Archive for category Recipes

Corn off the Cob

Corn made its debut at the farmer’s market this week.  While it’s not yet at its best, I love fresh corn so I couldn’t resist buying a few ears.  Corn, while not that beneficial from a nutrition perspective (low fat, but high carb), is a great summer vegetable for a busy person to have on hand.  You can give it a quick boil for a simple corn on the cob.  You can get a little fancier by spreading on an herb butter, wrapping it in foil and roasting it; or you can get more labor intensive by shaving it off the cob and incorporating it into a pasta salad.  The next few posts will provide recipes illustrating some of these options.

Let’s start with the most involved, but most interesting option –  a fresh corn salad.  This recipe calls for a bit of prep work, but, in the end, you have a light but filling salad.  The sweetness of the corn is tempered by the intense flavors of cilantro and garlic.  With the inclusion of black beans, peppers, and feta, this salad takes relatively low nutrition corn and marries it with protein, dairy and antioxidants.  I eat this salad as a main course since it covers so much nutritional ground and is filling.  However, it would make an excellent companion to any grilled meat.

Orzo and Corn Summer Salad

(serves 4-6 as a side dish).

For the Pesto

1 bunch Cilantro

1/4 cup Olive Oil

1-2 cloves Garlic

Salt and Pepper (to taste)

1-2 dashes fresh Lime Juice

For the Salad

1 cup Orzo

1 ear fresh Corn on the cob

1/2 -1 large Red Bell Pepper

1/2-1 large Orange Bell Pepper

1/2-1 cup Tomatoes (preferably Cherry tomatoes), diced

1 can (15 oz.) Black Beans, unsalted

1-2 Tbsp. Cilantro Pesto

1 Tbsp. Fresh Basil, chopped (optional)

Salt and Pepper to taste

Crumbled Feta or Grated Cheddar Cheese to taste (optional)

1. To make the cilantro pesto, separate the cilantro leaves from the stems and place oil, garlic, and cilantro leaves in a blender or food processor.  Blend until the mixture reaches the consistency of a rough paste.  Add a dash or two of fresh lime juice, to taste.  Add salt and Pepper to taste.  Cover pesto and set aside.  Pesto can be stored in refrigerator for about a week.
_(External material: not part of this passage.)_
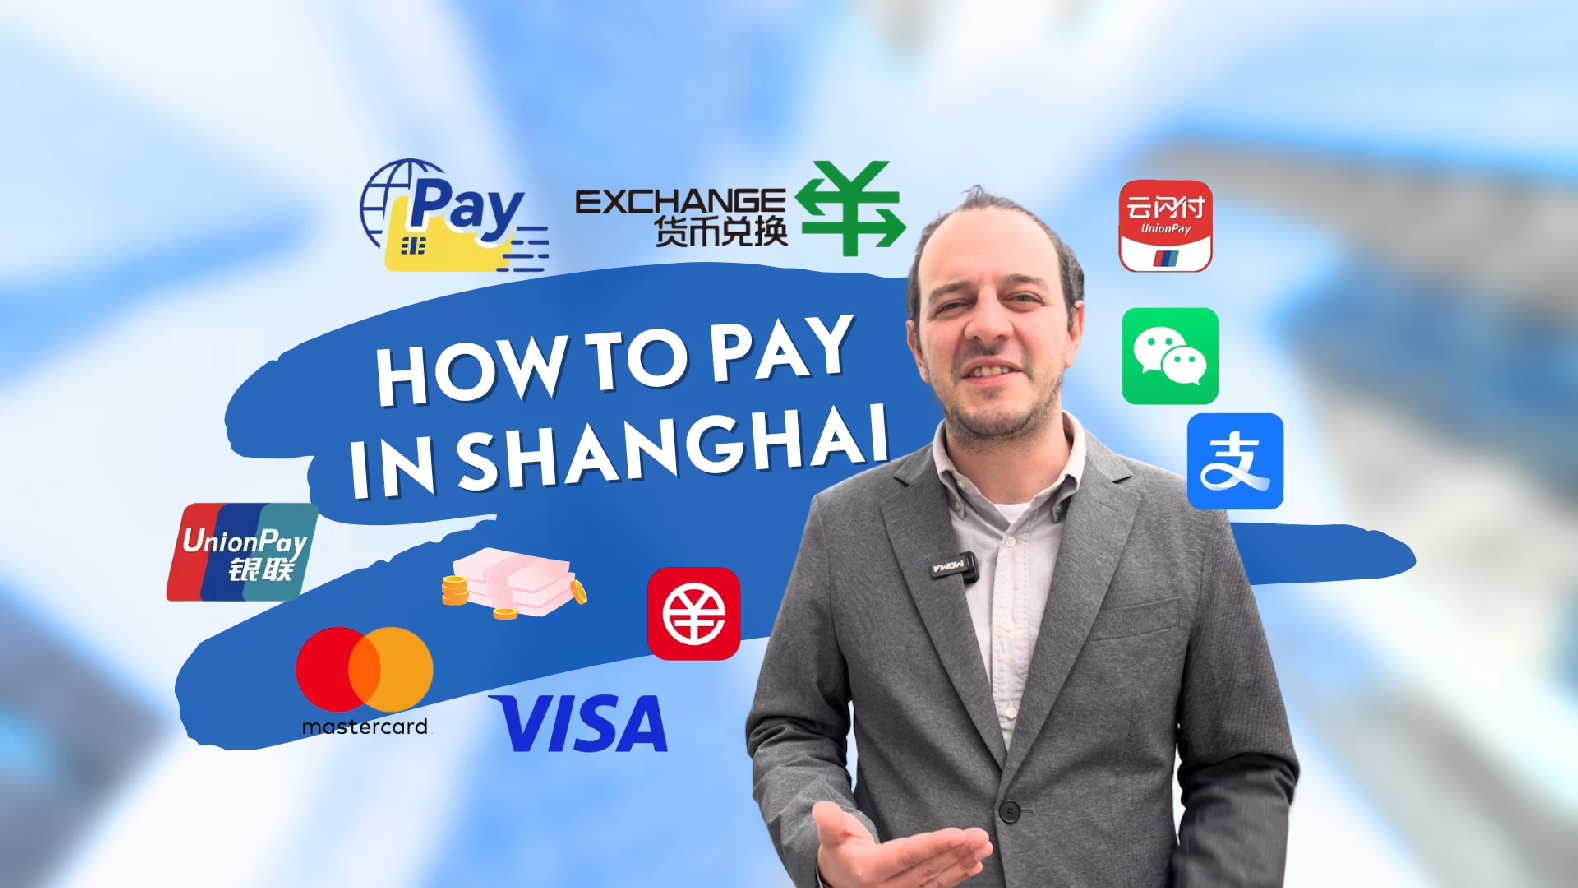 Video series: How to Pay in Shanghai

2.  To make the Orzo, heat a pot of water (about 3 cups) to a boil.  Add 1 tbsp salt to the water.  Add Orzo and boil for 8-10 minutes until soft but not mushy (slightly softer than al dente). Drain the water from the Orzo and rinse the Orzo in cold water until the Orzo is cold (this will stop any residual cooking). Drain off any excess water, place the Orzo in a bowl, mix in a dash of Olive Oil, cover and set aside.

3. Shuck the corn.  Wash and dry the corn. Using a sharp knife, shave the corn kernels off the cob.  Saute the kernels in a small saute pan with a little butter until the kernels soften but are still firm (about 3-4 minutes).  Add salt and pepper to taste and set aside to cool.

4. Finely and uniformly (if possible) chop the peppers and tomatoes and mix together in a bowl.  Set the bowl aside.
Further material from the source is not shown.